Dundalk will face Legia Warsaw in Champions League playoff
DUndalk have been drawn to play Legia Warsaw in the play-off round of the Champions League.
If the Irish champions can get past the Polish side they will make history and become the first League of Ireland club to reach the group stage of the biggest club competition in European football.
Elsewhere in the draw, Manchester City will face Steaua Bucharest while Celtic will take on Hapoel Beer-Sheva of Israel.
Ahead of the draw, Dundalk's David McMillan revealed the extent to which becoming the first Irish club to reach the Champions League could transform their fortunes.
The 27-year-old striker's two goals inspired their 3-1 aggregate defeat of BATE Borisov and secured their progress to the competition's play-offs.
Beyond the attention that would attract, however, McMillan is motivated by the potential of a historic achievement, an invaluable boost to the club's finances and the prospect of playing full-time.
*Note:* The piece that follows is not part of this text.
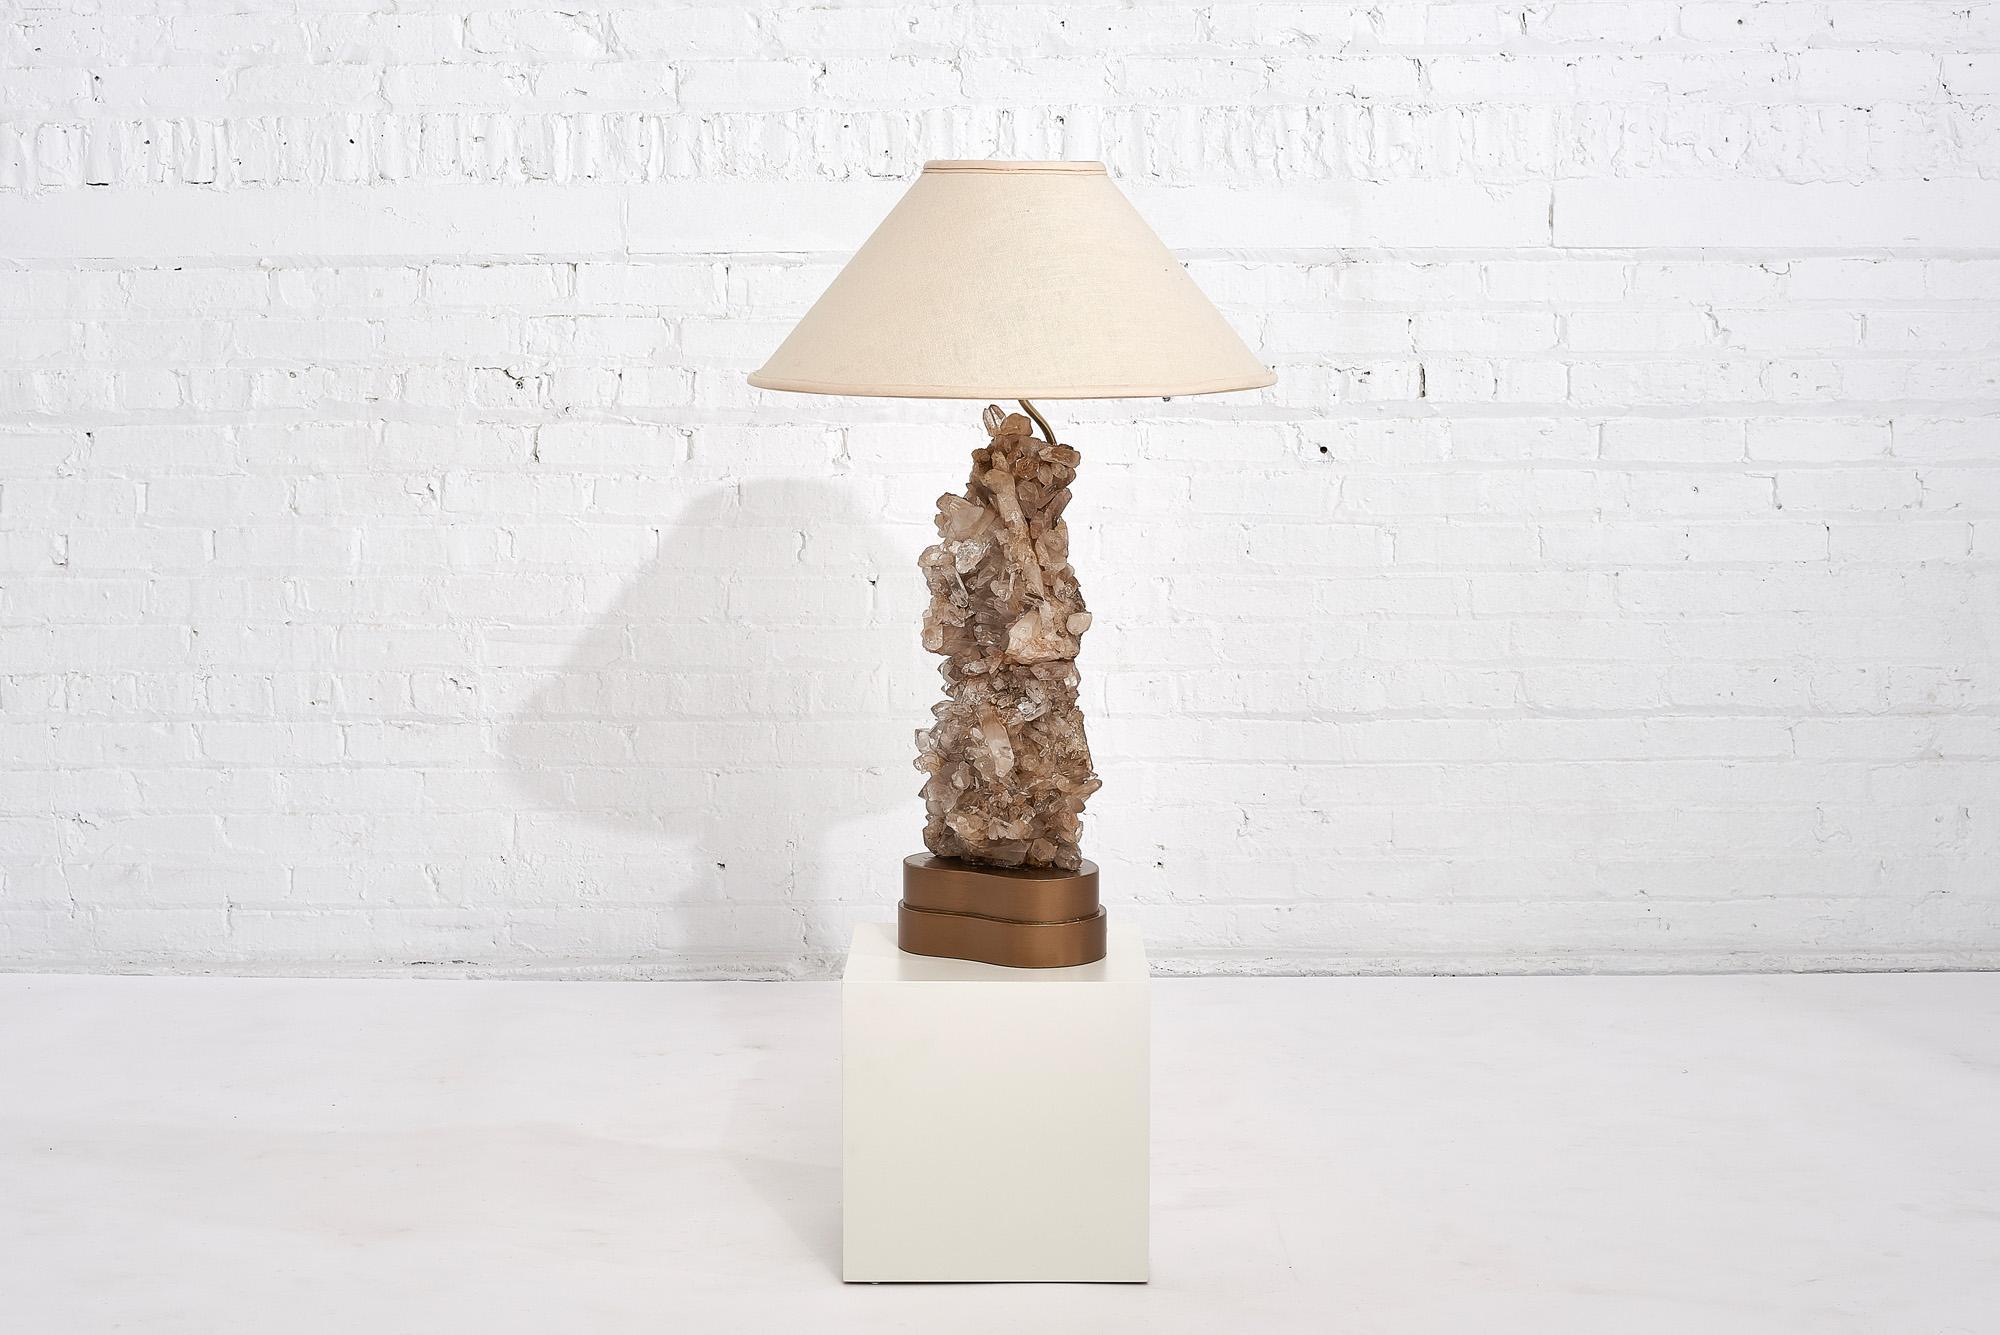 Carole Stupell quartz table lamp, circa 1950. Lamp is mounted on a gold gilded wood base.

"It's something that hasn't been achieved by an Irish club to date," the 20-hour-a-week architect told Press Association Sport. The majority of his team-mates concentrate only football, but also in Dundalk's squad is an electrician and children's football and basketball coach.
Though they are already guaranteed the minimum of a place in the Europa League, he said: "There's only been one Irish side even in the Europa League. That was Shamrock Rovers in 2011. To be this close is a great opportunity.
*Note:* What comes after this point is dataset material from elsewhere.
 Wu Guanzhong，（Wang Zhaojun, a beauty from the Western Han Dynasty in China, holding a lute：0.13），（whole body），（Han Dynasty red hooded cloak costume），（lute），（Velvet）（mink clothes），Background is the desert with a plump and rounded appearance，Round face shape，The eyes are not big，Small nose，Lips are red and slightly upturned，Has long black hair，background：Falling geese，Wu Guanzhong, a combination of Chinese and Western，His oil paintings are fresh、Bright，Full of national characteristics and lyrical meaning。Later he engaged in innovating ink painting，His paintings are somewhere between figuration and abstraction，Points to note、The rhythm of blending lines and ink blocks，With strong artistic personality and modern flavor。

"At this stage (the Europa League) would feel like a disappointment, but if you asked me realistically a month ago, I would have said, 'Yeah, that would be a very good achievement'. It would have meant we'd won two rounds in Europe.
"But now that we've got this far, and beaten a team of BATE's pedigree, we feel we can go further and we want to create more history and be that first team from Ireland. It would be a dream for anybody who plays in the League of Ireland.
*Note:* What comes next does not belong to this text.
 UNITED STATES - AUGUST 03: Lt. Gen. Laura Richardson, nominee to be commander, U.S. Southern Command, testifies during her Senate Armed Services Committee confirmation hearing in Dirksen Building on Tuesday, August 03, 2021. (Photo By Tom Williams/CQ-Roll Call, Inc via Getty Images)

"It has been widely reported that Dundalk can already expect a minimum of £5.94million (E7million) for progressing this far.
Beyond the potential life-changing experience reaching the Champions League group stages would provide for their players, there is also the possibility of finances capable of transforming the club.
McMillan believes their success could lead to the development of their stadium, Oriel Park, and also the chance for him to concentrate on football full-time.
"To have secured the Europa League group stages, it's something between E5million and E7million," said McMillan, whose other employers are Dublin's O'Brien Finucane Architects.
"To qualify for the Champions League it's upwards of E12million, so it'll be a massive amount of money for the club for what their annual turnover would be in a normal year.
"On Tuesday against BATE, we had to play in the Tallaght Stadium in Dublin, which is 60 miles away from Dundalk. That meant that all the Dundalk supporters going week in, week out have to travel to watch the game.
"Ideally the club would spend on upgrading the stadium. I know there's some sort of legal issues at the moment to stop that happening, but hopefully they could be overcome. I'd like to see it well spent, improving facilties. It'd be great to see.
"It could (result in me becoming a full-time player). It's up to the club to decide. The players, we practically are full-time. Although we're technically called a part-time club, we train just like any other full-time club. I've been at full-time clubs and we train the same amount."